This article describes the basic and most commonly used methods to protect and enhance system security.
1. Protection of the administrative panel
First option: Restrict access to the administration panel only to certain IP addresses
If you want the administration to be accessed only by your IP address, it is necessary in a file called .htaccess, located in the directory administrator, to put the lines:
Deny from All
Allow from xxx.xxx.xxx.xxx
Note: You need to replace xxx.xxx.xxx.xxx with your IP address.
If you access administration from another IP address, you can activate and access to it by adding another line:
Allow from xxx.xxx.xxx.xxx
Second option: Protecting access with additional username and password
You can use the option in the control panel cPanel -> "Directory password protected Password Protect Directories"

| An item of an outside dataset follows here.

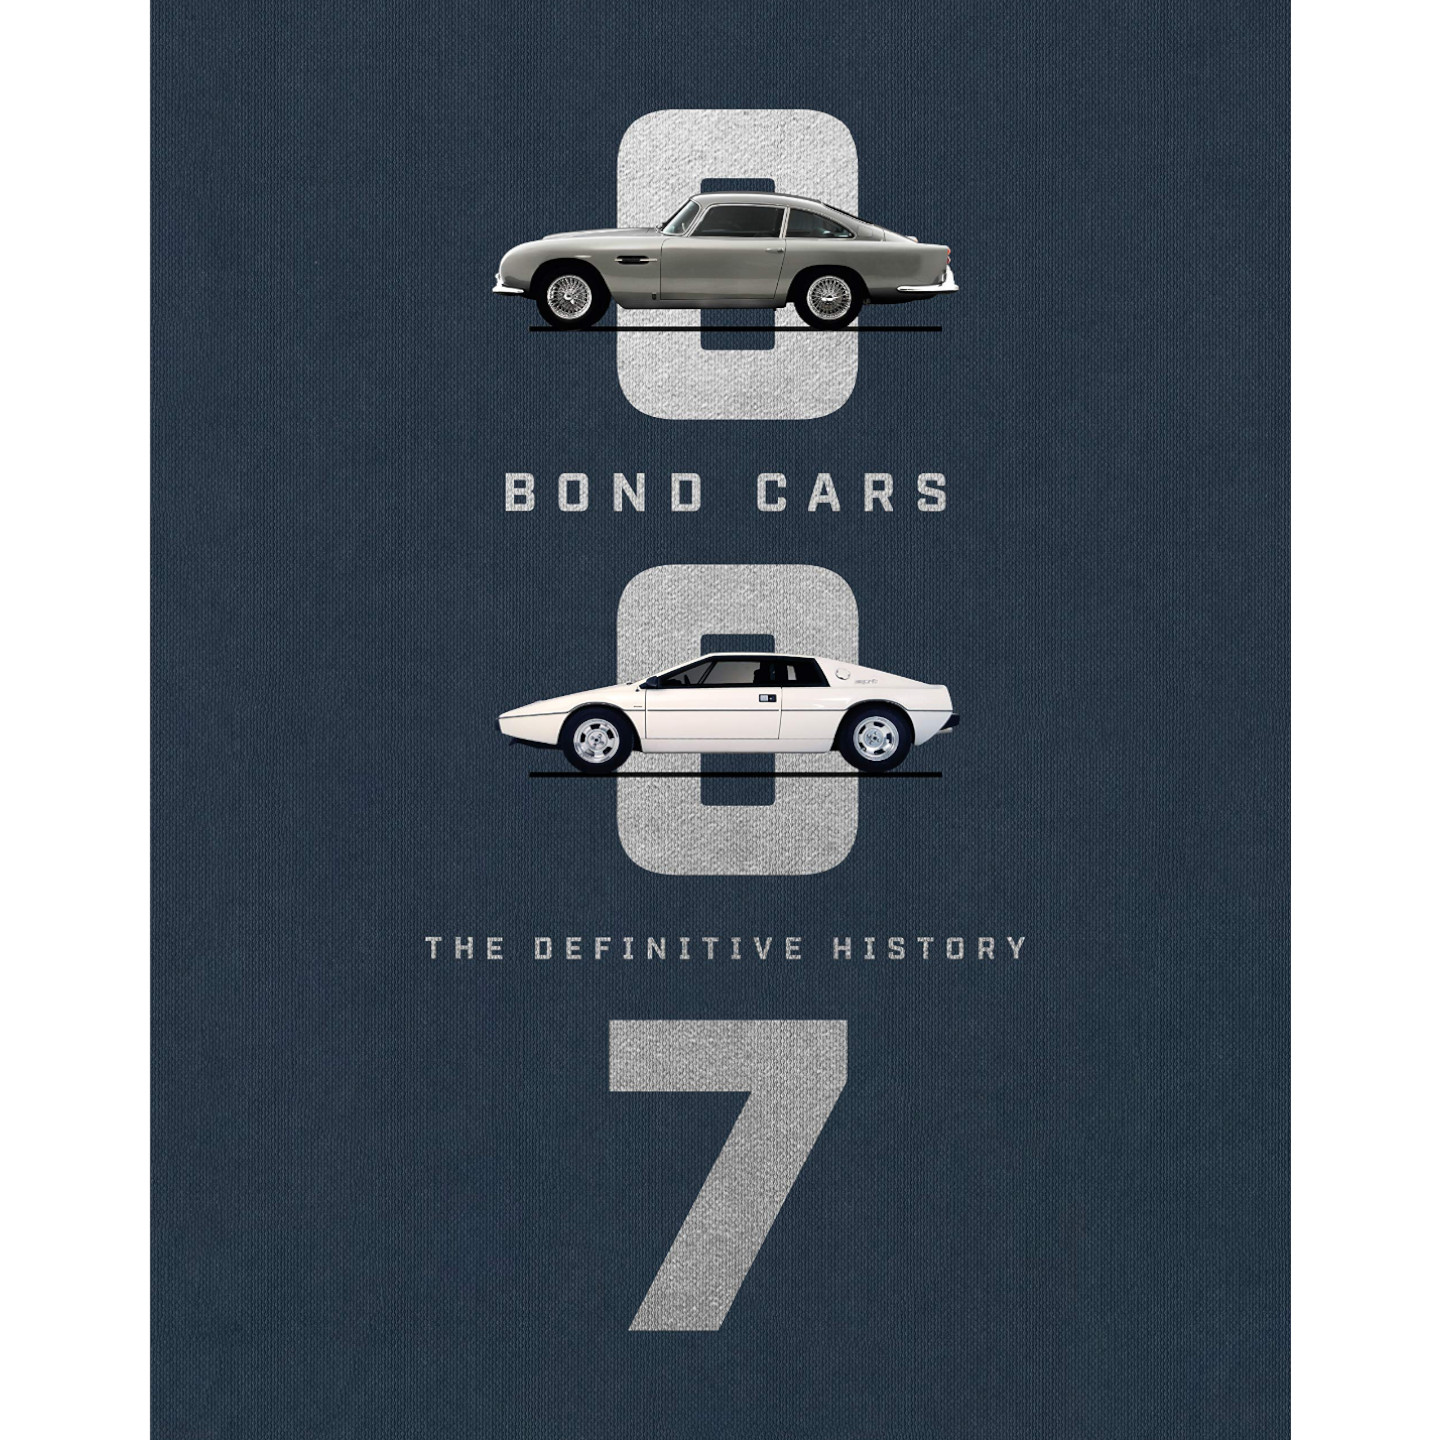 Bond Cars: The Definitive History by Jason Barlow

Additional information about that how to set up can find in the article: Protecting a directory with a username and password
2. Change the password for access of the system
Regularly change your password for access of the administration. Use strong passwords that contain upper and lowercase letters, numbers and special characters.
1) Do not use consecutive numbers or letters.
Example: 123456, abcdef and others.
2) Do not use your personal name, last name, phone number, ID, nickname, and any other information that is or could become publicly available, due to which the password could be cracked by detractors.
3) Do not use common combinations.
Example: 13,579, asdasd, 1q2w3e4r, qwertyuiop, admin, password, administrator, etc.
4) When choosing a password, you can replace some of the characters in the selected word in accordance with the password pattern letters = numbers.
Example: I = 1, L = 1, A = 4, T = 7, E = 3, g = 9, v = 0, and so Under this scheme, for example the word 'hosting' can be written as 'Hos71n9'.
5) Use combination of numbers, uppercase and lowercase letters. Long passwords (over 7 or 8 characters) give greater security of your account.
Some tips how to choose a suitable password
3. Change user for the administration
The administrative user in the database of Joomla! has ID 62 by default. This could be used by ill-intentioned persons to experience abuse. It could be changed as follows:
• It is necessary to create a new user with rights of "Super administrator" and should have a new name and a strong password.
• Then go out and sign in with the new user.
• Since there is no option to delete a user with rights of "Super administrator", modify the original administrator to have rights of "Manager" and save the setting.
• Now you can delete the original user (with ID 62).
Important: Before you make any changes, it is recommended to back up the database. You can export the database from phpMyAdmin and keep a local copy for you.
4. Subscribe to news from the developers of the system
When the system has renewal / new version or repair of omission / security hole in the system, these updates will be posted at:
In versions of the system has a basic versions, for example 1.5, 2.5, 3.0, etc. and sub-versions, for example 1.5.27, 2.5.9, 3.0.3, etc. In sub-versions were made amendments to the code and gaps / holes in security, lost in the basic version.
It is strongly recommended as soon as possible after it came under a new version (eg 3.0.3) to perform system updates. Also when there is a new major version (eg 3.1) you can wait until it published its sub-version (eg 3.1.2, 3.1.3, etc.).
Thus you will effectively protect yourself from malicious attempts to access. It is important to perform an update of installed system plugins, modules and components, too.
It is necessary as soon as possible in presence of upgrade / update, to make updating any additional applications that use the system.
5. Reserved archive
It is advisable to regularly perform back ups of files and database. There are plugins that can help you perform back up - directly in administration of the system. If you do not use the plugin, you can make a back up of the site through the control panel of your hosting account.
Full back ups can generate through control cPanel menu "Back ups".
6. Additional protection
There are many extensions for additional protection of the system, such as changing the URL of the administration, adding to the number of failed access attempts, then blocked possibility of access to the administration site and others.
These could be found at:
Some of these extensions have included features on the above recommendations.
By using such extensions should be aware that a conflict may arise with a specific plug-in module, components or theme of your site. So before you install and activate the extension, it is recommended to back up the site.